Practical Morals—I mean that department, which teaches, and habituates us, to behave justly and kindly to our fellow creatures—will ever be poorly taught by dry precepts and formal essays. No vehicle of moral instruction is comparable to the striking narrative. How is it possible for any school-boy to rob an orchard, after having read Miss Edgeworth's "Tarlton?"—or to practise unfairness in any bargain, when he has glowed at the integrity of Francisco, in purposely shewing the bruised side of his melon to a purchaser? or not to loathe party spirit, when he has been early imbued with the rational sentiments contained in the "Barring Out?" In short, to be familiar with the mass of that lady's incomparable writings for youth, and not have the principles and feelings of economy, industry, courage, honor, filial and fraternal love, engrained into his very soul?

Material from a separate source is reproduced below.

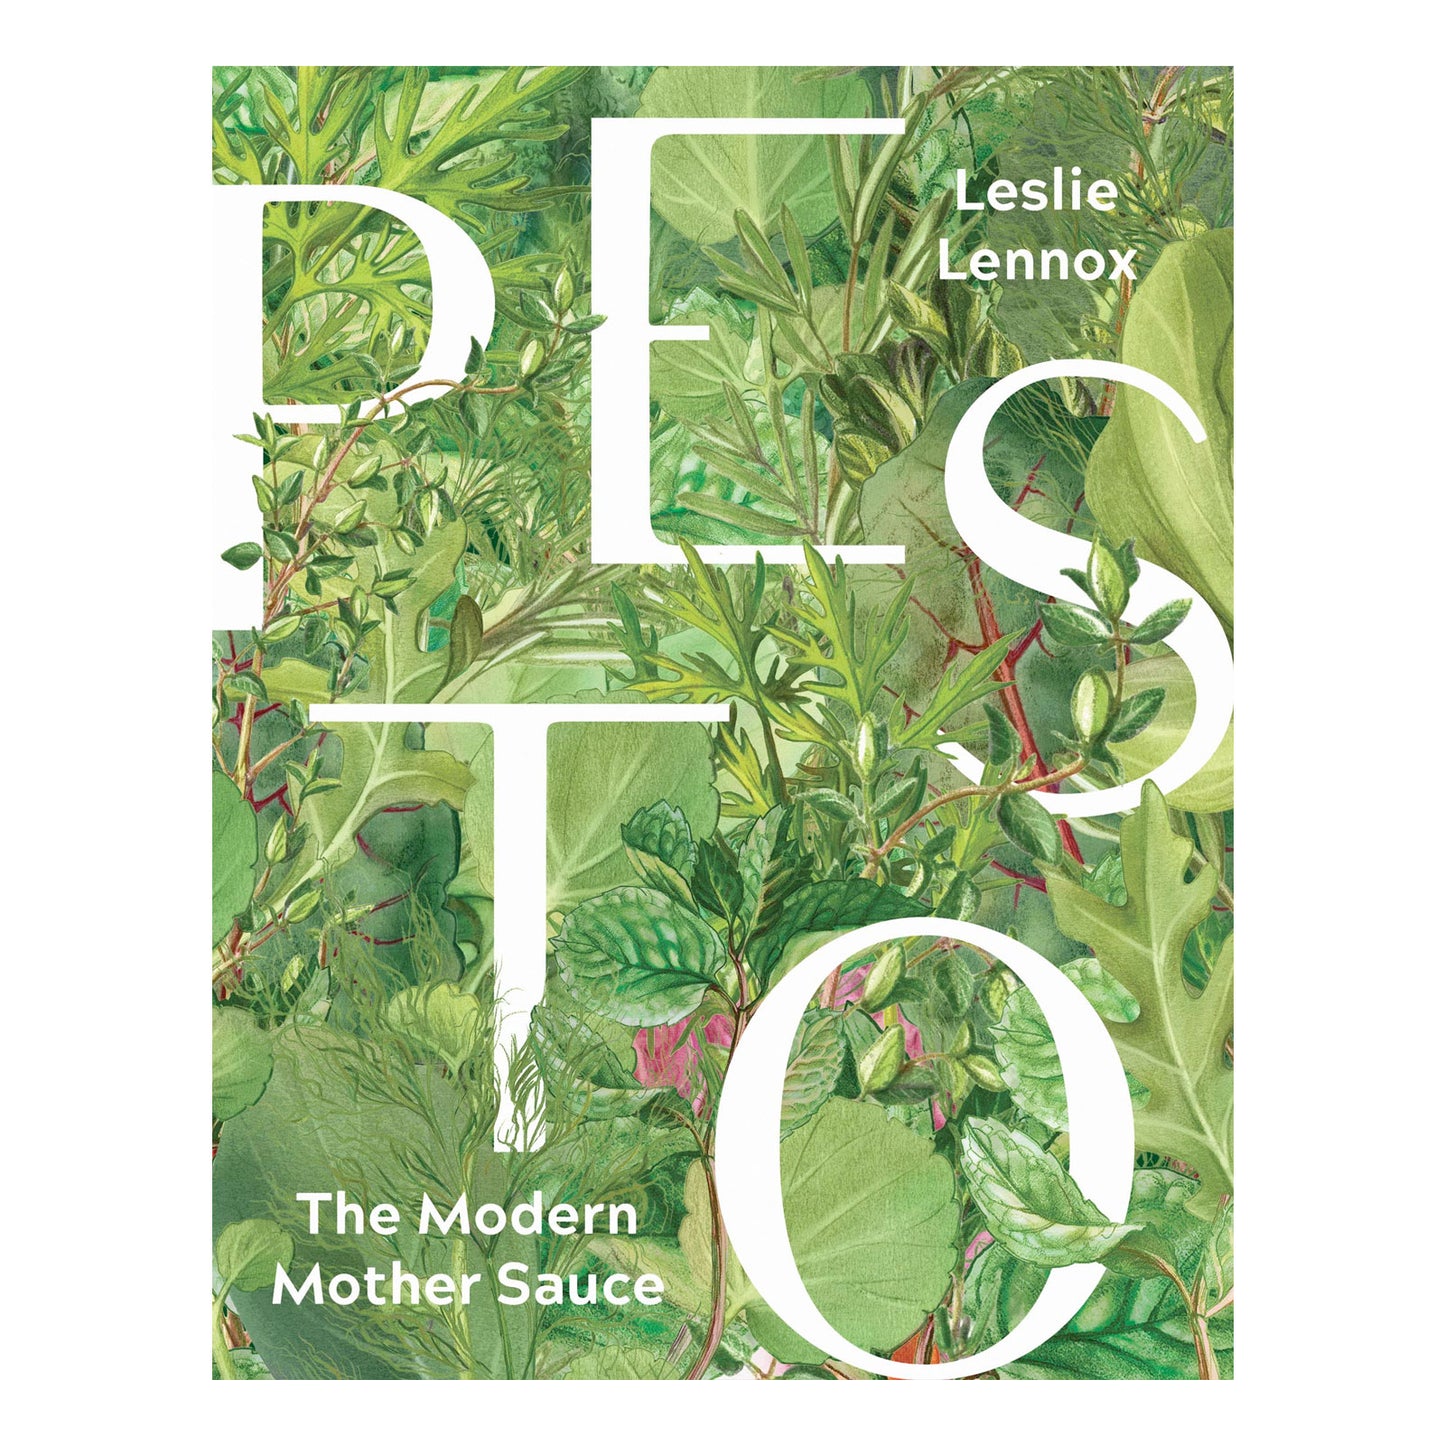 Pesto: The Modern Mother Sauce by Leslie Lennox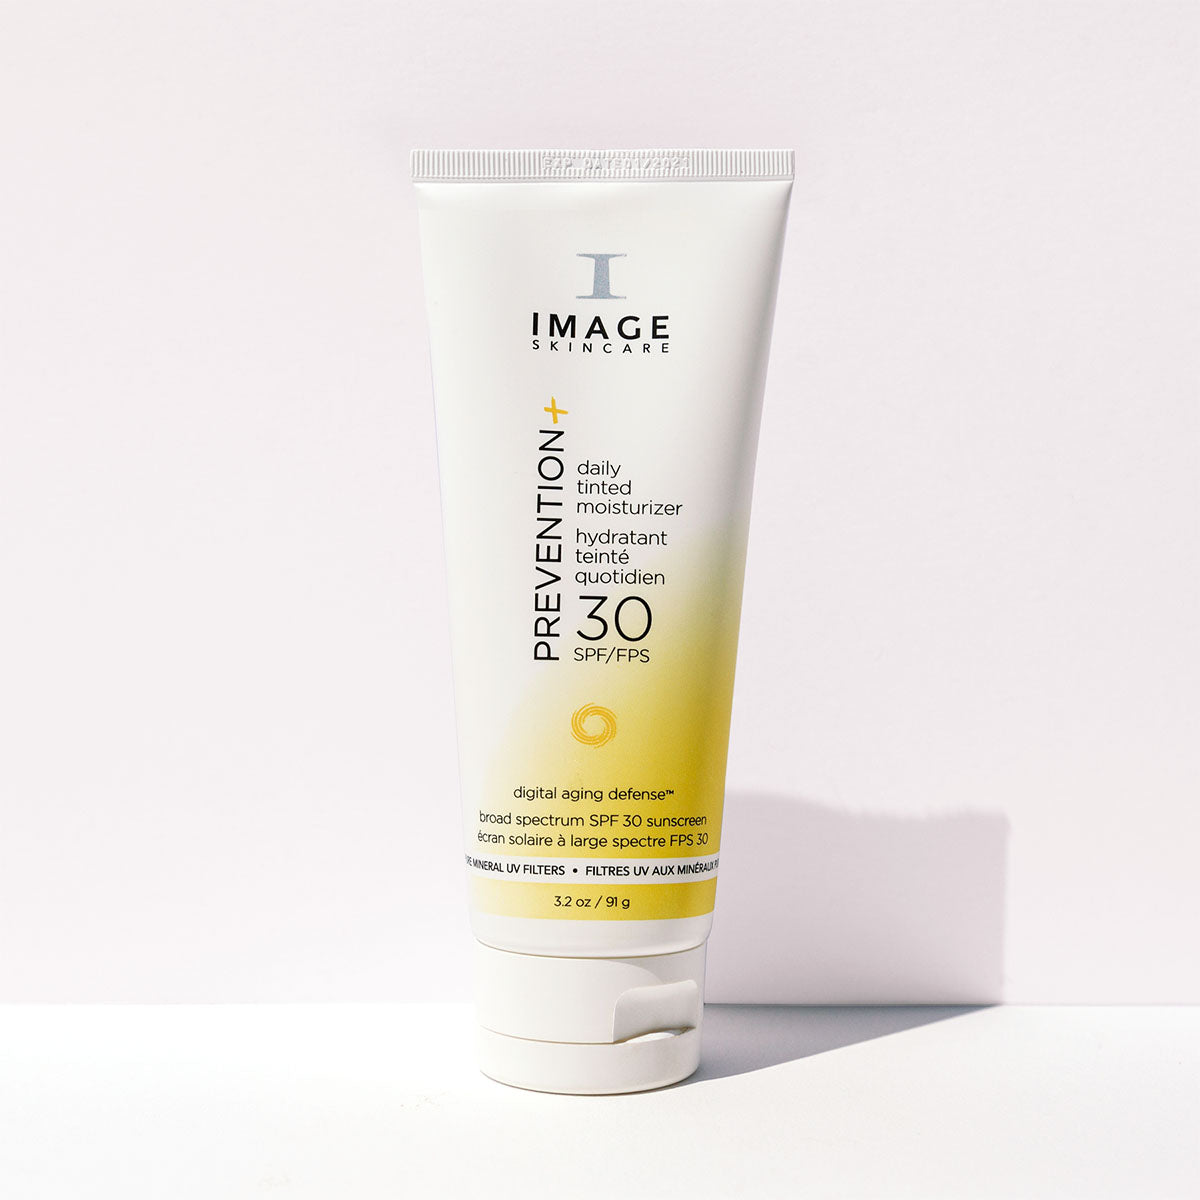 PREVENTION+ daily tinted moisturizer SPF 30 | IMAGE Skincare

Or how can he fail to find, in "Sandford and Merton," for the daily occasions of life, the happiest lessons of duty and humanity, and for those great conjunctures which never occur in many a life time, the most resistless incentives to a more than Roman heroism?
Other branches of knowledge are desirable for the republican citizen, less from any peculiar appositeness to his character as such, than from their tendency to enlarge his mind; and especially because, by affording exhaustless stores of refined and innocent pleasure, they win him away from the haunts of sensuality. "I should not think the most exalted faculties a gift worthy of heaven," says Junius, "nor any assistance in their improvement a subject of gratitude to man, if I were not satisfied, that to inform the understanding, corrects and enlarges the heart." Felix Neff, the Alpine pastor, whose ardent, untiring benevolence, ten years ago, wrought what the indolent would deem miracles, in diffusing knowledge, and a love of knowledge, amongst an untutored peasantry, found their indifference towards foreign missions immovable, until they had learned something of geography: but so soon as they had read the description of distant countries, and seen them upon the map, they conceived an interest in the people who dwelt there; and entered warmly into the scheme of beneficence, which before had solicited their attention in vain. "Their new acquirements," observes Neff, "enlarged their spirit, and made new creatures of them; seeming to triple their very existence." Geometry, he remarked, also "produced a happy moral development:" doubtless by the beauty of its unerring march to truth. Arithmetic it is superfluous to recommend: but its adjunct, Algebra, deserves cultivation as an exercise to the analyzing faculties; as an implement, indispensable to the prosecution of several other studies; and as opening a unique and curious field of knowledge to the view.